Data below START

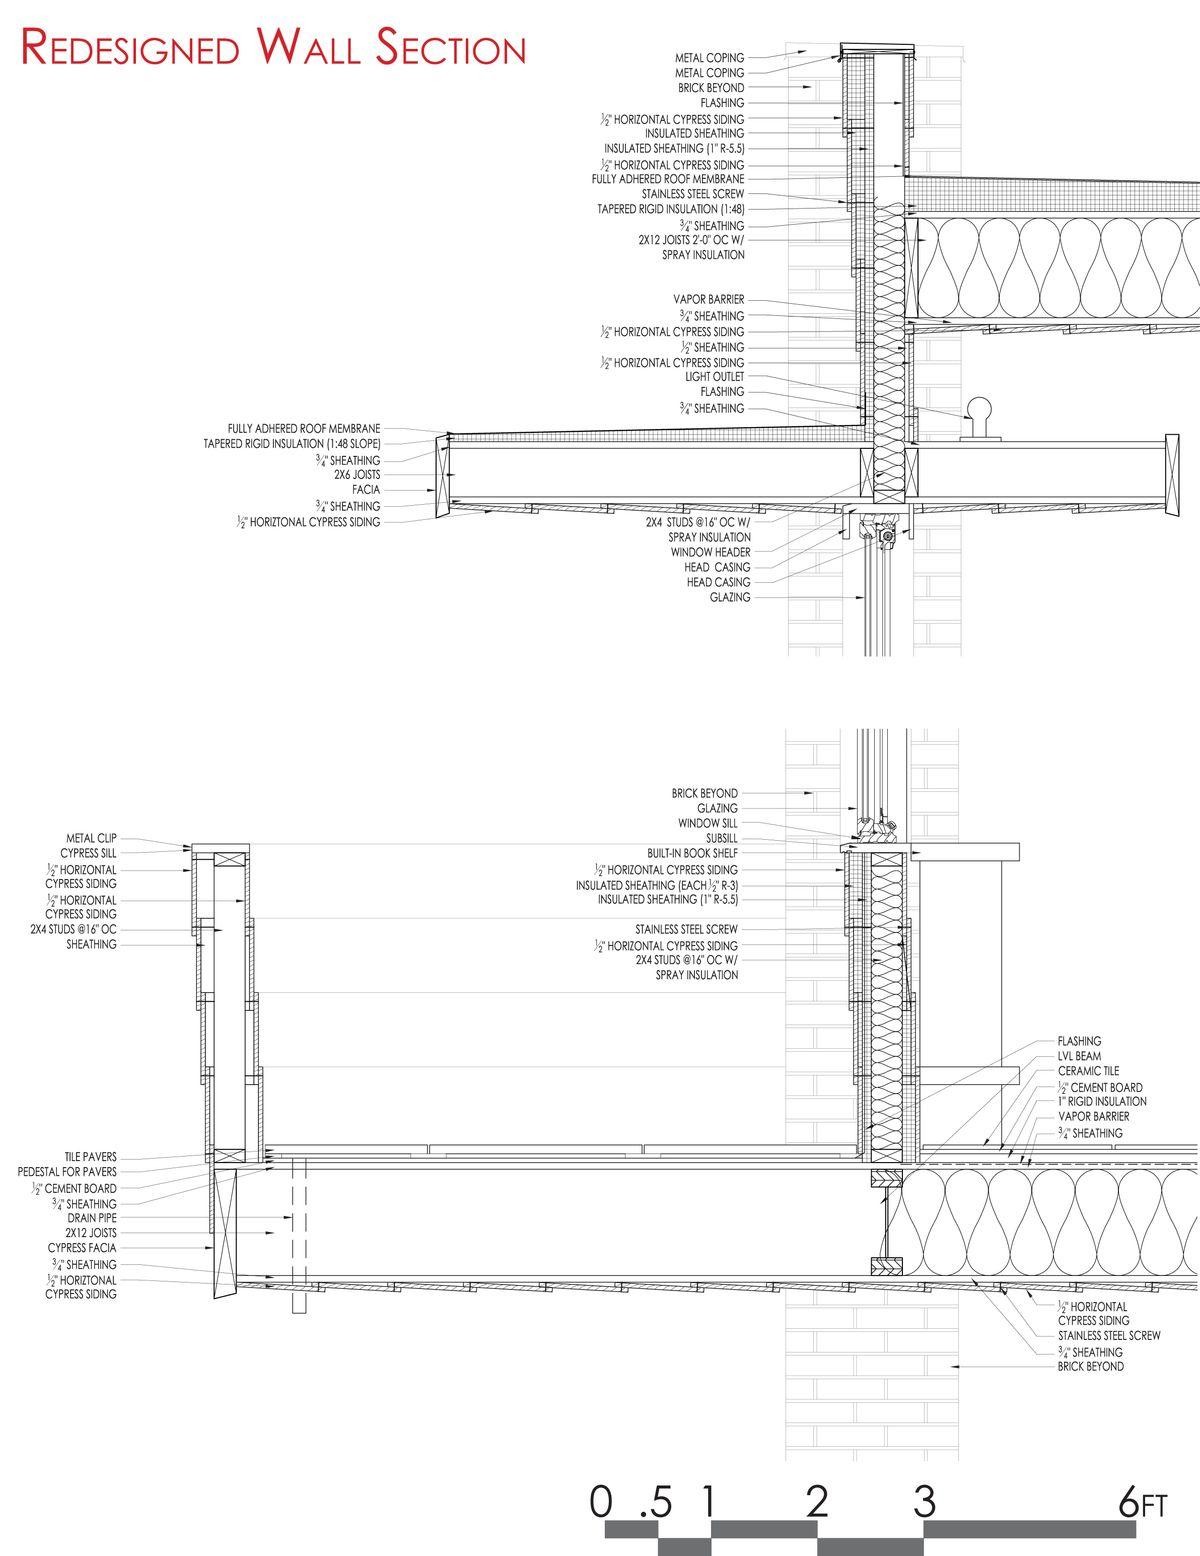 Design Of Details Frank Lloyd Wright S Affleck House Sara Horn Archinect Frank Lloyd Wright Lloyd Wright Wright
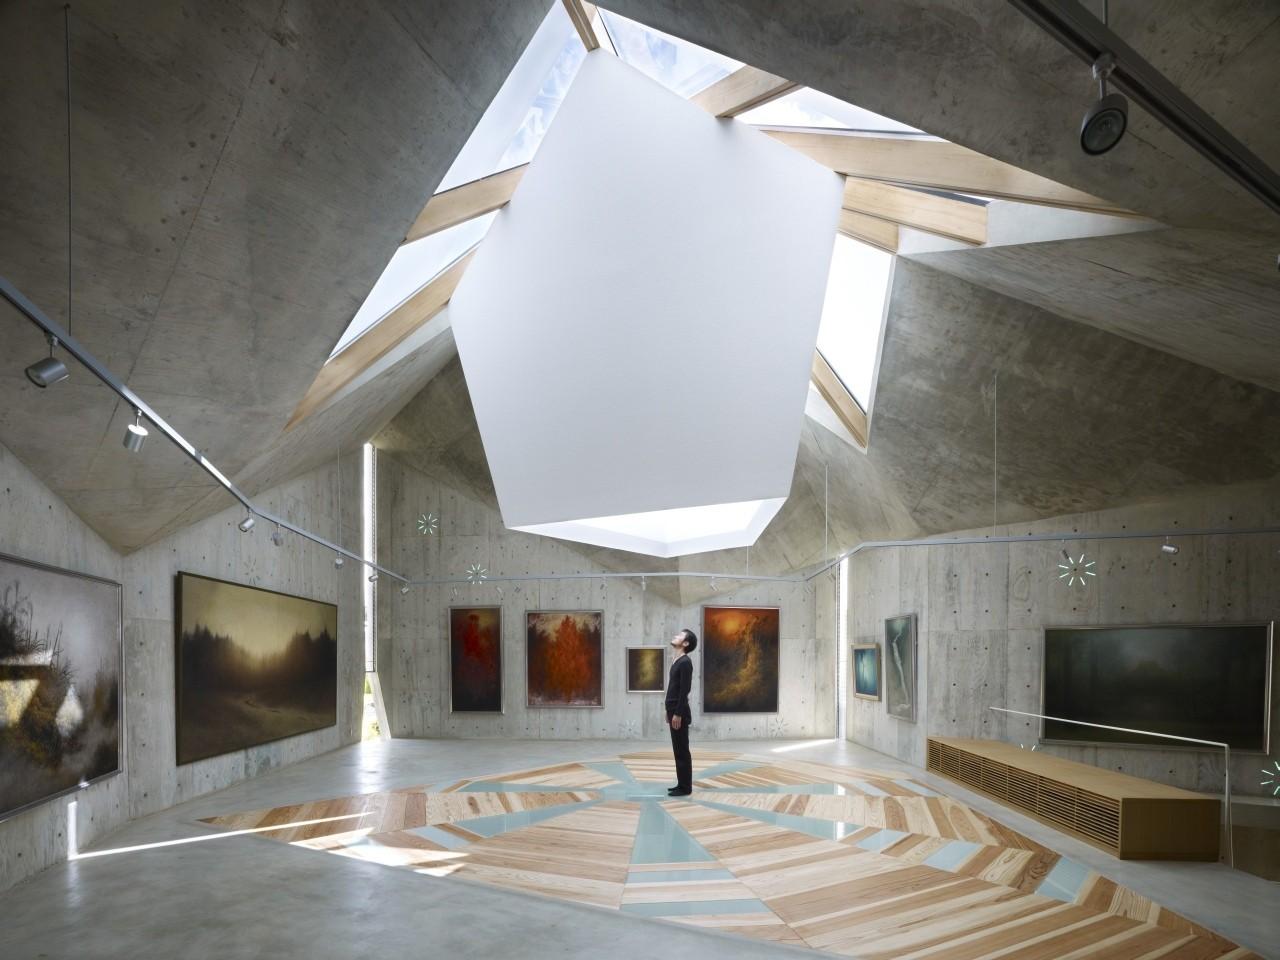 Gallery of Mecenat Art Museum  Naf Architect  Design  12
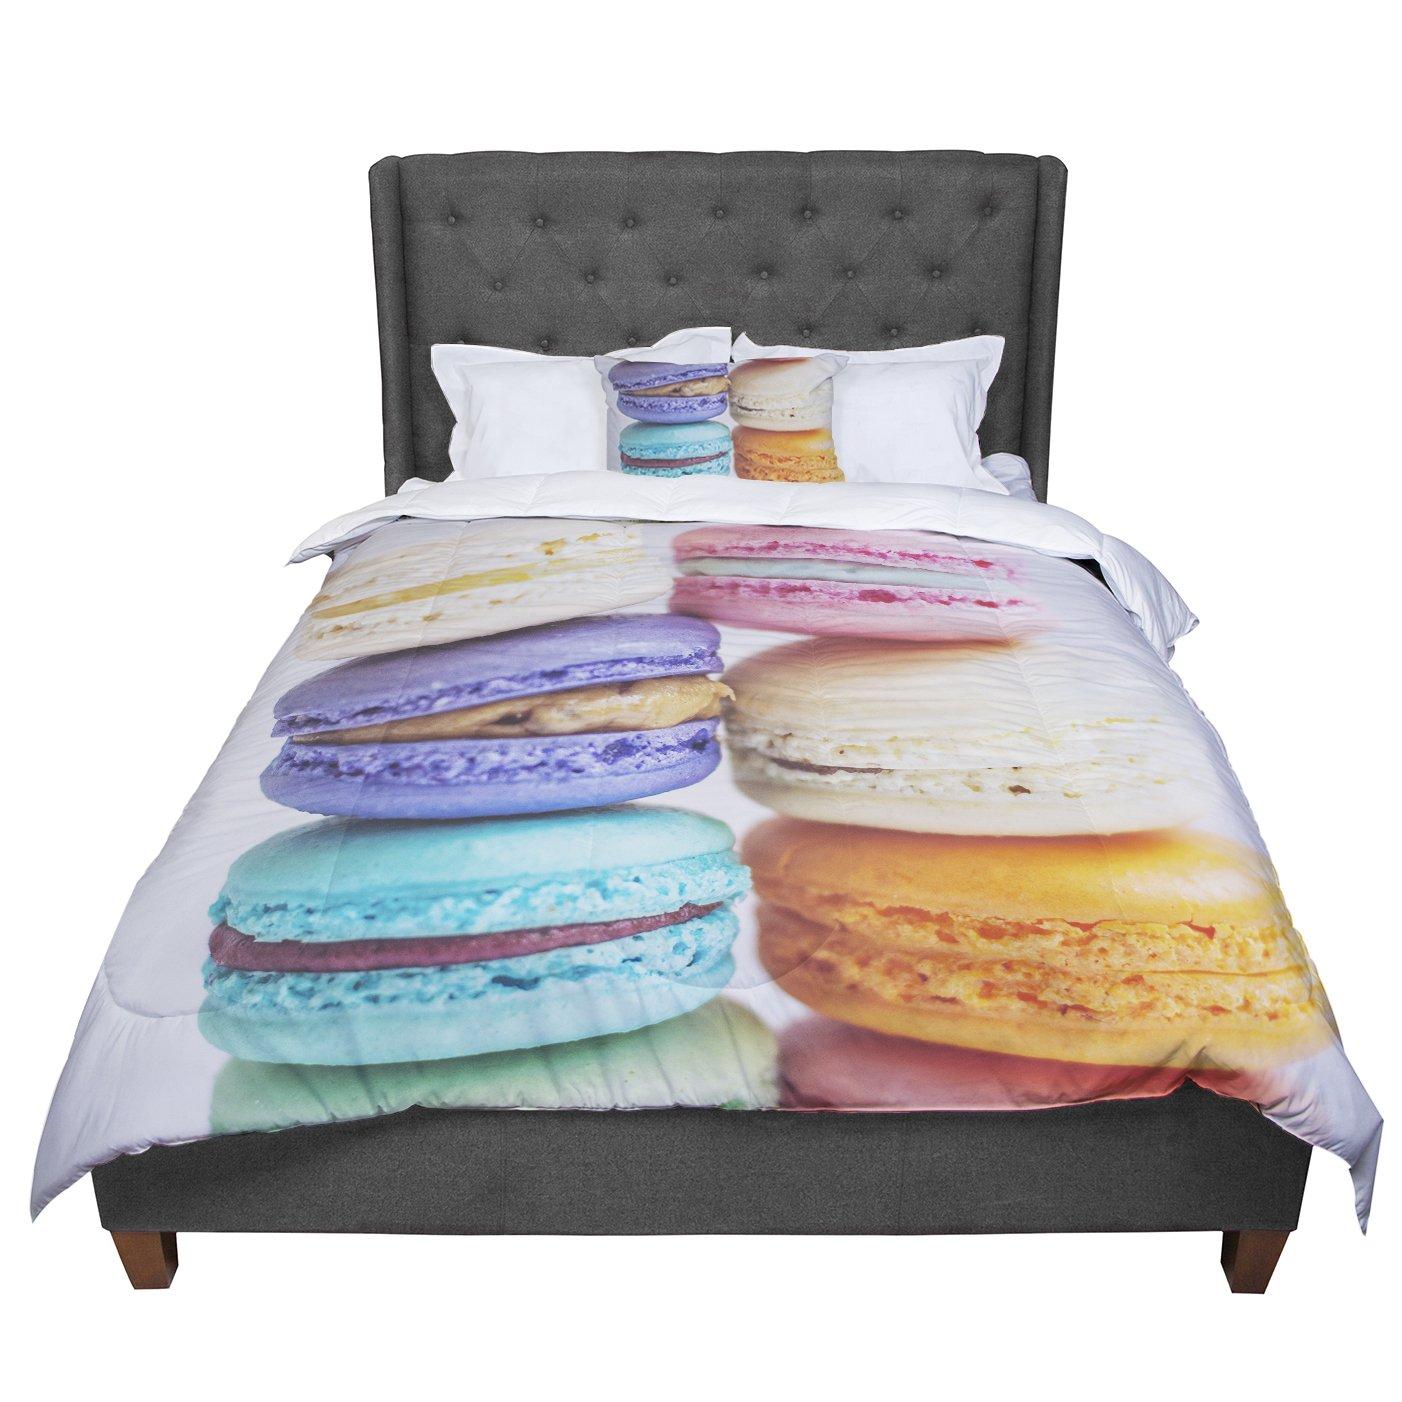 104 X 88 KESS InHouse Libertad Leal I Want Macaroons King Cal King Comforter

Data below END

§ Try it
With the pictures excluded, restate the material exactly as it stands.

§ Task output
 Design Of Details Frank Lloyd Wright S Affleck House Sara Horn Archinect Frank Lloyd Wright Lloyd Wright Wright
 Gallery of Mecenat Art Museum  Naf Architect  Design  12
 104 X 88 KESS InHouse Libertad Leal I Want Macaroons King Cal King Comforter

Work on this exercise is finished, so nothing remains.